Rebecca laughed through the tears. “No…it’s a very long trip and I…” It looked like it pained her to say it. “I wasn’t very close to her.”
“Well…maybe we can send flowers, or something?” He couldn’t understand why she was lying to him but he knew she was. He could see it in her eyes.
“I’ll do that,” she told him, the tears gone. “Let’s enjoy the game for now.”
* * *
The crowd gath
ered just as they had the day before, in a U-shaped formation around the edges of the canyon. They were cheering the same gladiator cartoon again, the bare red forms of the outlined combatants doing epic battle, and he wondered if the same one won every time. His question was answered shortly thereafter as one fell to the other’s sword. It was the same one, repeated over and over again as the crowd settled. He still couldn’t find Rebecca anywhere, but Darius and John joined him.
“Have you seen my wife?”
“No,” John replied. “I’m sorry, but I haven’t. I’m sure she’s okay, though.”

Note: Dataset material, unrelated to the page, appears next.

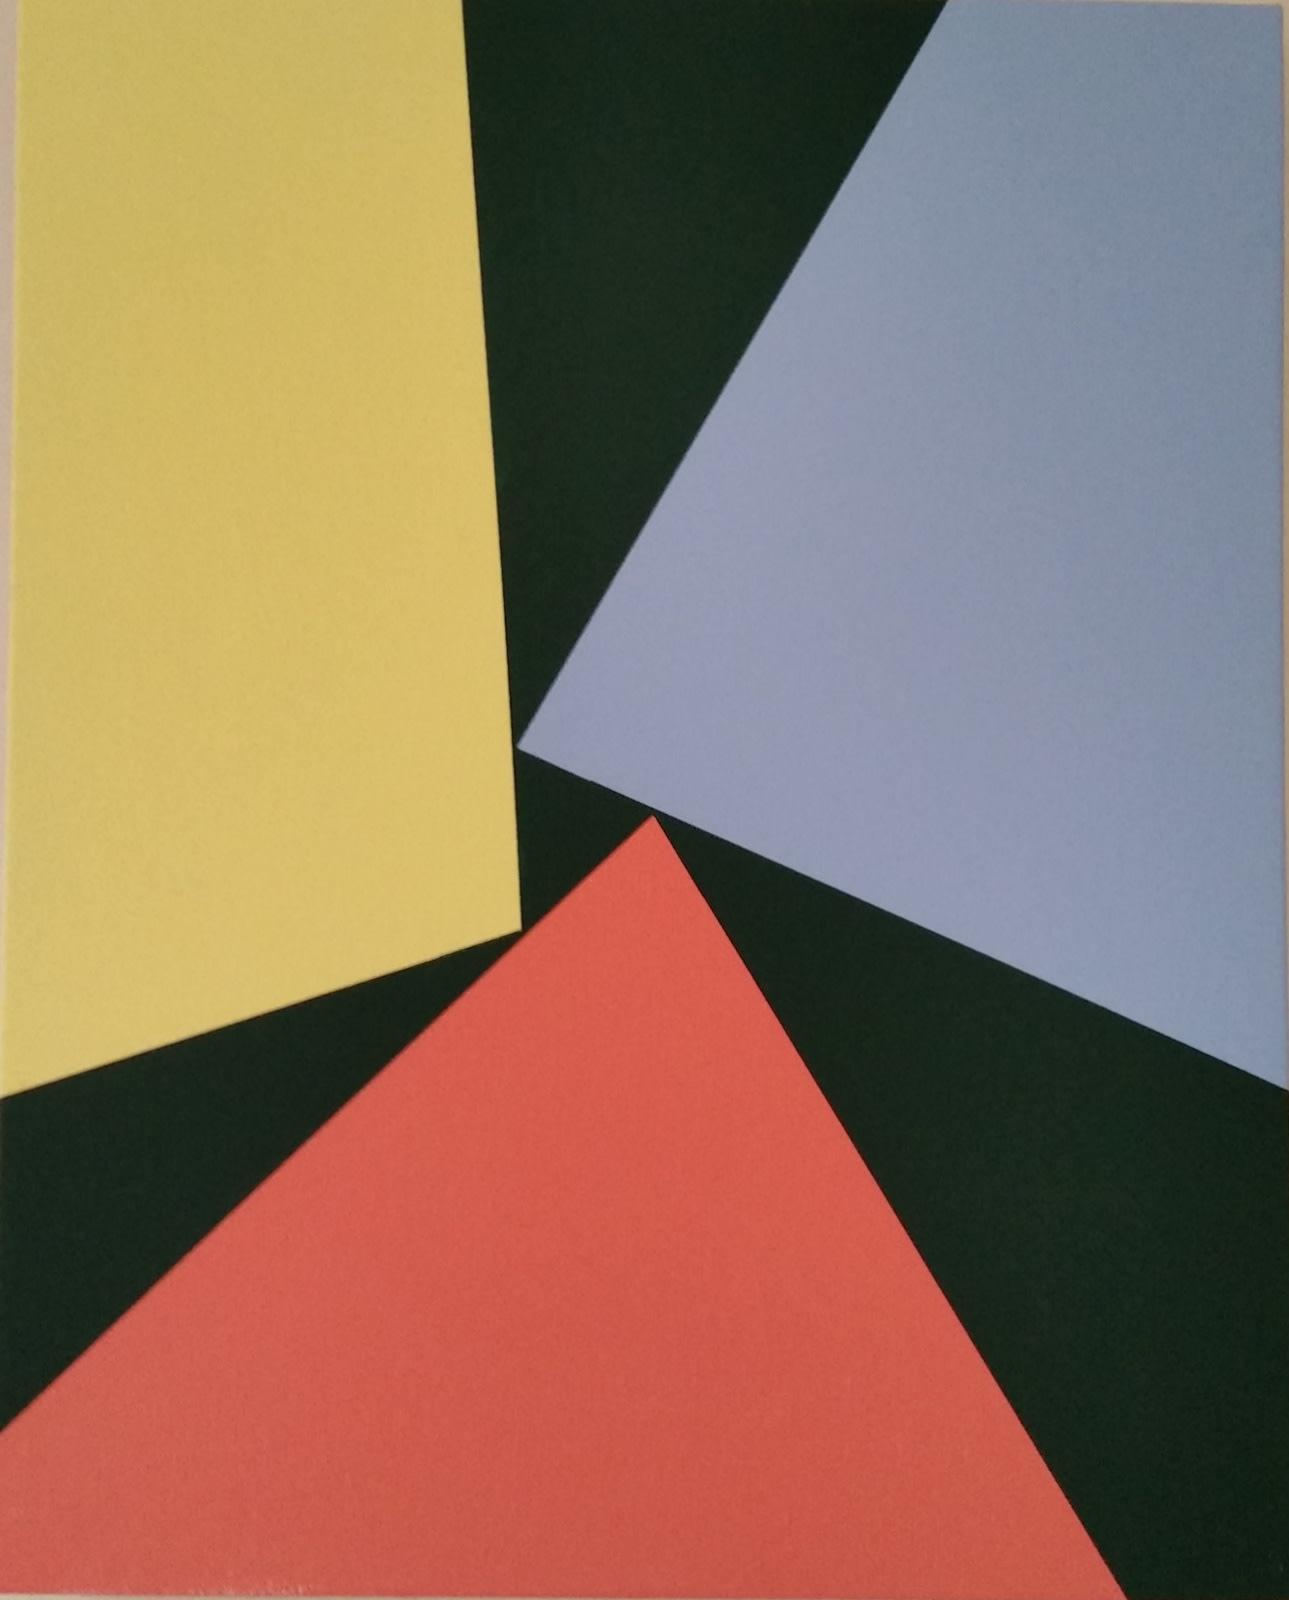 Bruno ROUSSELOT, A. n°69, 2014

“How can you be sure of that?” he asked, incredulous. “How can anyone be okay here?”
“I don’t know for sure,” John told him. “But it seems that all violence is centered here, in the Game. You notice Block’s men didn’t attack us, though they said they could? There were also no incidents last night that I could hear among hundreds of people sleeping, though you would think there might be.”